1st Edition. Two volume first edition of a milestone in the history of structural biology, the first protein structure ever discovered. Kendrew’s papers present the first solution of the three-dimensional molecular structure of a protein. “Kendrew’s discovery was one of the greatest landmarks in the history of molecular biology” (Jeremy Norman History of Science). Along with his colleague Max Perutz, Kendrew received the 1952 Nobel Prize for this work.
Two discoveries laid the foundation for Kendrew’s work: “first, that the positions of atoms in a crystallized substance could be determined from X-rays passing through, and scattered by, the crystal; second, that the approach could be applied to very simple biological molecules (Garwin, Century of Nature, 88).
The goal of Kendrew’s team, composed mostly of physicists, was to understand how a biological molecule such as a protein works, beginning with how it is built. The papers they produced (both offered here) are “the outcome of a truly Herculean task. When the project began, there were no automated instruments or digital computers for generating or analyzing the huge amounts of data necessary. Every step had to be carried out by hand… many repeated thousands of times” (ibid, 89).
Kendrew selected myoblobin as a protein because it abundant in the tissue in which it operated, is an oxygen-binding protein from muscle, and is very stable. His next step “was to measure the amplitudes of the ‘reflections’ – the scattered X-ray beams – produced when the crystals were exposed to X-radiation. Following this, he add up the measured reflections, in a process called Fourier summation, to produce an image of the molecules in the crystal lattice. “Photographic film was used to record the reflection amplitudes, thousands of them, and then teams… were trained to estimate their values by comparison with a known scale… The process took years.
“The final step was the Fourier summation itself. Kendrew… [carried] out an earlier trial at lower resolution [and did] the summation by hand… For the more than 10,000 reflections that had to be added up at 2 angstrom resolution, hand summation was impossible… Technology came to the rescue: the first high-resolution protein structure ever determined was calculated on the first electronic computer ever built in Britain.

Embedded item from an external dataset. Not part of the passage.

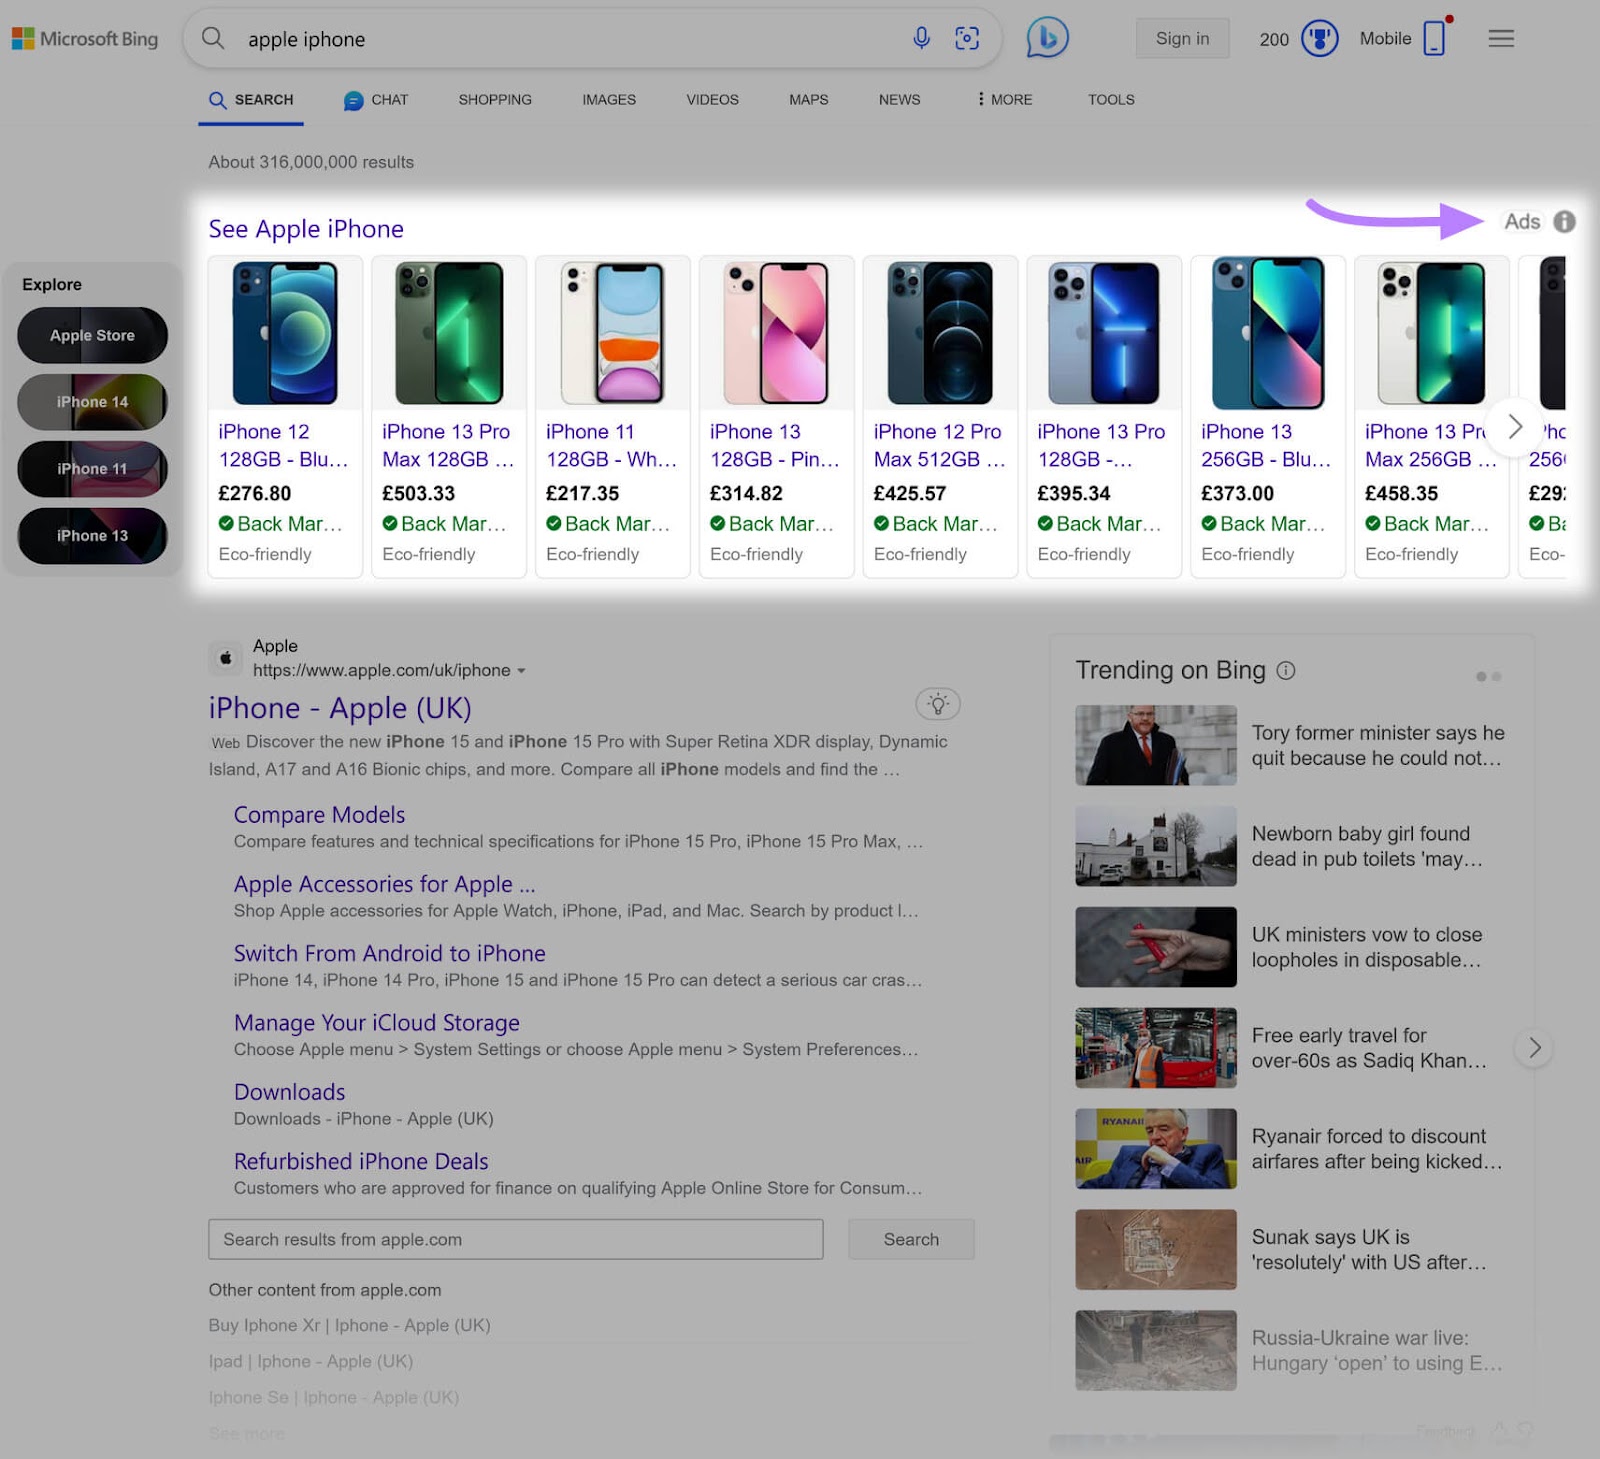 Paid listings connected  Bing's SERP person  “Ads” label

“The resulting electron-density map looked impossible to interpret, [but] an ingenious system was devised for building the atomic model of the protein: the map was produced as a set of contoured topographic plots on sections through the crystal lattice; a three-dimensional grid was overlaid onto the map so that atomic coordinates could be measured with respect to three axes, x, y, and z, at right angles to each other; and wire rods were constructed whose height was proportional to the z-coordinate of each feature of density. Brass models were fabricated for each amino acid in the protein, and these were fitted by hand into the ‘forest’ of wires and secured by clamps” (ibid 90).
The structure that resulted was not one anyone was prepared for – “the seeming irregularity of the overall polymer fold and the remarkable fact that the heme iron atom where oxygen bound was buried completely inside the protein” – and yet there were striking patterns, including the polymer chain folded into a series of eight segments (ibid). “After almost one hundred years of speculation, one could now see what a protein looked like in atomic detail” (ibid). Item #907
CONDITION & DETAILS: 4to. (10.25 x 7.5 inches; 256 x 188mm). Ex-libris: bearing only a small circular stamp on the rear of the title page. Handsomely rebound in half calf over the original cloth covered boards. 5 raised bands at the spine, each gilt-ruled. Red and black morocco spine label, gilt-lettered. Tightly and very solidly bound. Bright and very clean throughout. Very good to near fine condition.